Late Diagnosis of Rare Spinal Defect in a Girl with Urinary Incontinence
Urinary incontinence is a common problem in paediatric population and can be caused by many disturbances. To diagnose isolated nocturnal enuresis it is important to exclude physical anomalies that can lead to urinary incontinence. Sacral agenesis is a rare defect of vertebral column which can occur as an isolated defect or coexist with other anomalies. Mild clinical symptoms of the defect may delay the diagnosis and can keep patients at risk of severe complications including chronic kidney disease. Patients with caudal agenesis are characterised by higher prevalence of kidney defects and vesico-ureteric reflux and they are considered to be a group at higher risk of kidney damage. In this paper we present the case study of a 5-year-old girl with intermittent urinary incontinence admitted to the hospital for investigation of observed symptoms and further treatment. In the course of investigation, on the basis of magnetic resonance imaging and voiding cystography, the diagnosis of sacral agenesis was estabilished. Urodynamic examination revealed overactive neurogenic bladder with reduced cystometric capacity but no obstruction. Treatment of constipation and anticholinergic agents enhancing bladder function, and physical rehabilitation were recommended as well as psychological care for the child and her parents. No neurosurgery was possible at this stage of sacral agenesis. Mild clinical symptoms in rare cases of caudal agenesis may delay the diagnosis that keep patients at risk of severe complication of chronic kidney disease.
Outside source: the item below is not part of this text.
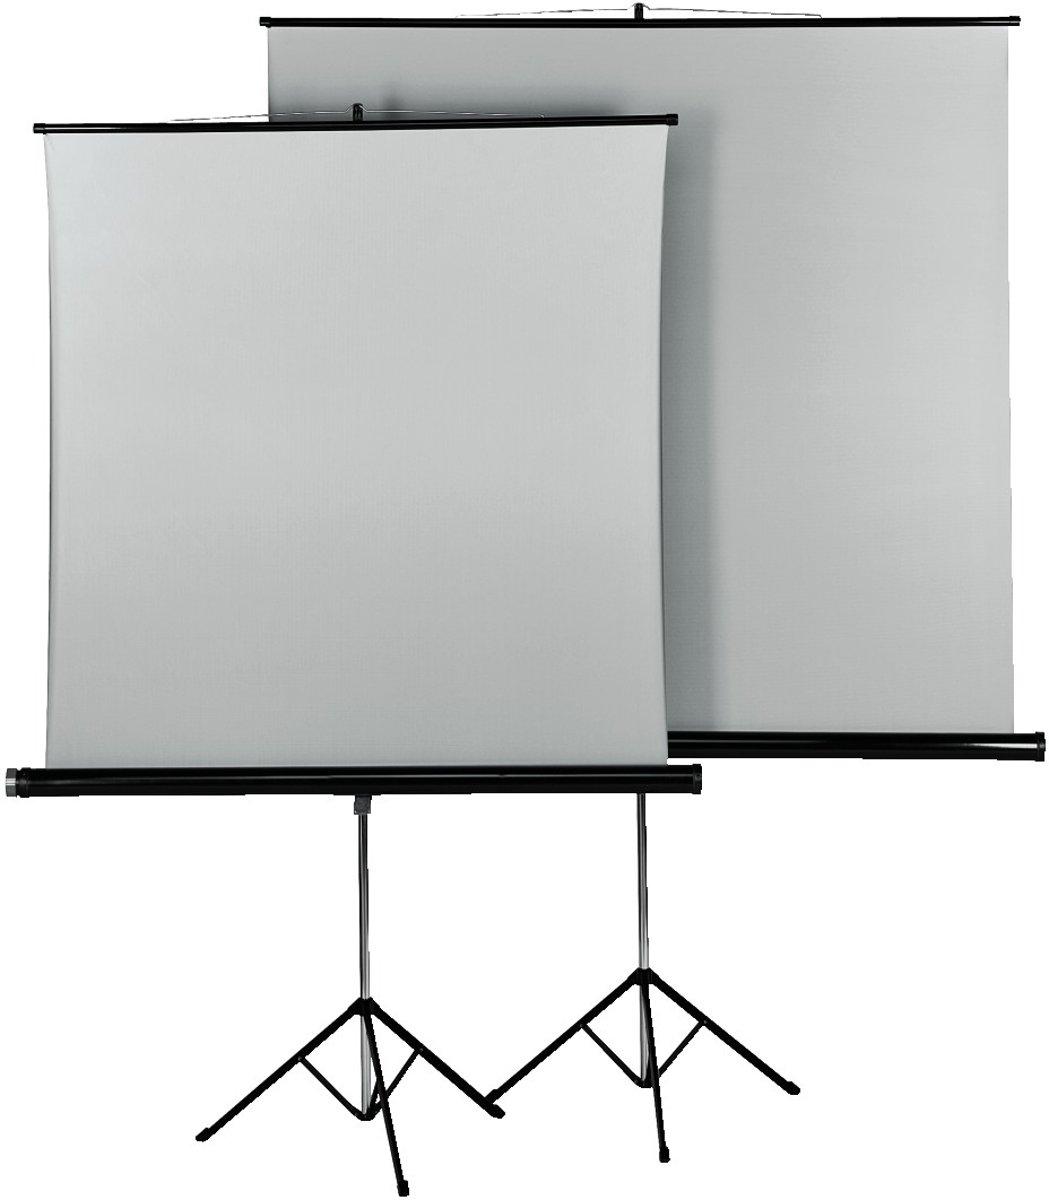 Hama Tripod Projectiescherm, 125 x 125cm, Duo kopen

Keyword : Caudal regression syndrome; Children; Enuresis; Sacral agenesis; Urinary incontinence
Sacral agenesis belongs to the group of rare defects of distal part of spine with incidence of 0.01-0.05/1000 births.1 It can occur as an isolated defect or coexisting with other anomalies in caudal agenesis syndrome (CA) which is also commonly called caudal regression syndrome.2 The clinical picture of CA is not homogenous - it can be associated with total or partial agenesis of spinal cord, anal imperforation, genital anomalies, bilateral renal dysplasia or aplasia, hypoplastic lungs or anomalies of lower limbs. CA can also be a part of other complex syndromes (OEIS - omphalocele-extrophy-imperforate anus-spinal defect; VACTERL association - vertebral anomalies, anal atresia, cardiac abnormalities, tracheo-oesophageal fistula, oesophageal atresia, renal abnormalities or radial dysplasia, limb abnormalities; Currarino triad - sacrum abnormalities, mass in presacral space, malformations of anus or rectum).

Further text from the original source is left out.